The FCC plans to rip up local TV station ownership rules
But does it even have the authority to do so?
The FCC has today announced plans to hold a vote which, if successful, will dramatically shift the balance of power in the US TV market. On August 6, commissioners will hold a ballot to repeal Section 303 of the Communications Act, and with it the 39 percent rule. In essence, the rule limits the reach of a local TV network to no more than 39 percent of the US' total audience market. In its place, the FCC would move to a system whereby it would personally approve or reject TV ownership deals on a case-by-case basis.
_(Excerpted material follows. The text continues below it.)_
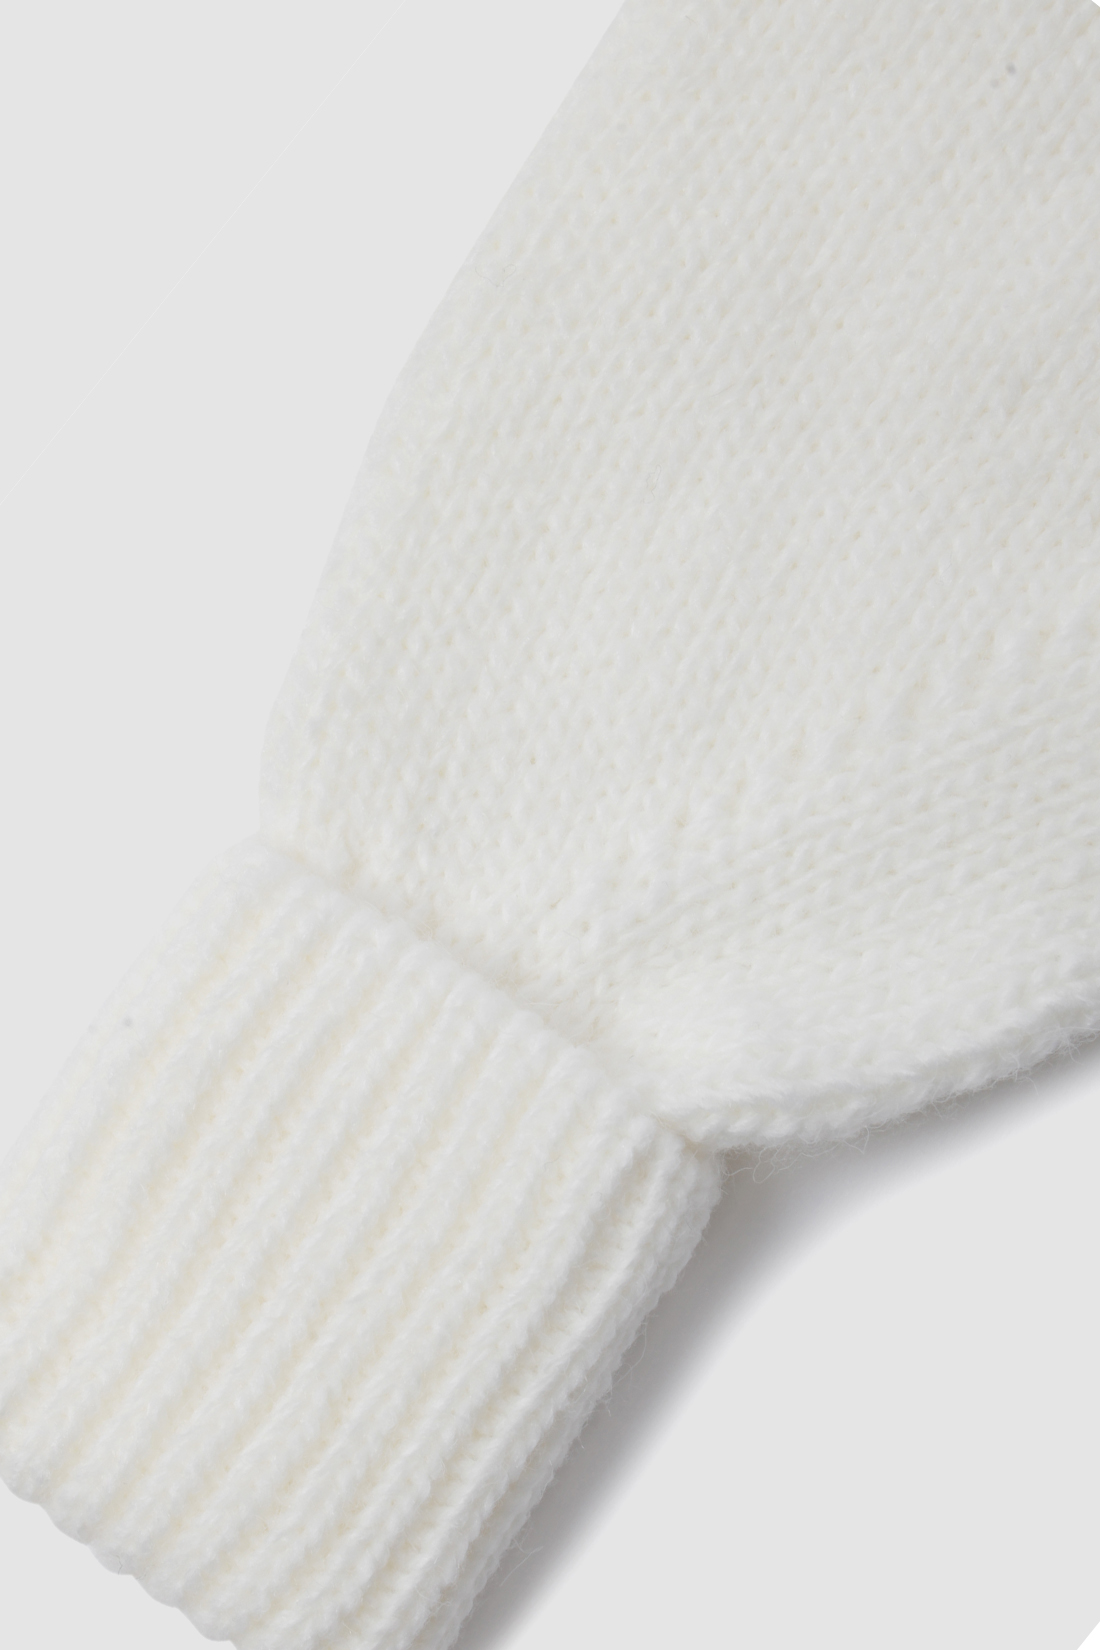 Комплект (шапка+шарф или шапка+1) (арт. baon B341537), размер Б/р 56, цвет белый Комплект (шапка+шарф или шапка+1) (арт. baon B341537) - фото 3

Which, I'm sure, would not expose the process to any sort of partisan influences or subversion given Carr has already threatened to revoke broadcast licenses if they air material critical of the government.
It's not clear if the FCC even has the authority to reject Section 303 without the explicit consent of the legislature. As Lawrence J. Spiwak wrote in the Yale Journal on Regulation back in January, Section 10 of the Communications Act expressly forbids the FCC from bending the rules around Section 303. That said, it's not likely officials on the hill will go against the FCC given the clear benefits such media consolidation would hold. This is especially relevant given the resumption of talks which would see Sinclair Broadcast Group acquire The EW Scripps Company. A similar deal, between Sinclair and Tribune, would have seen the Republican Party-affiliated Sinclair control broadcast stations for more than 70 percent of US homes. It was rejected in 2018.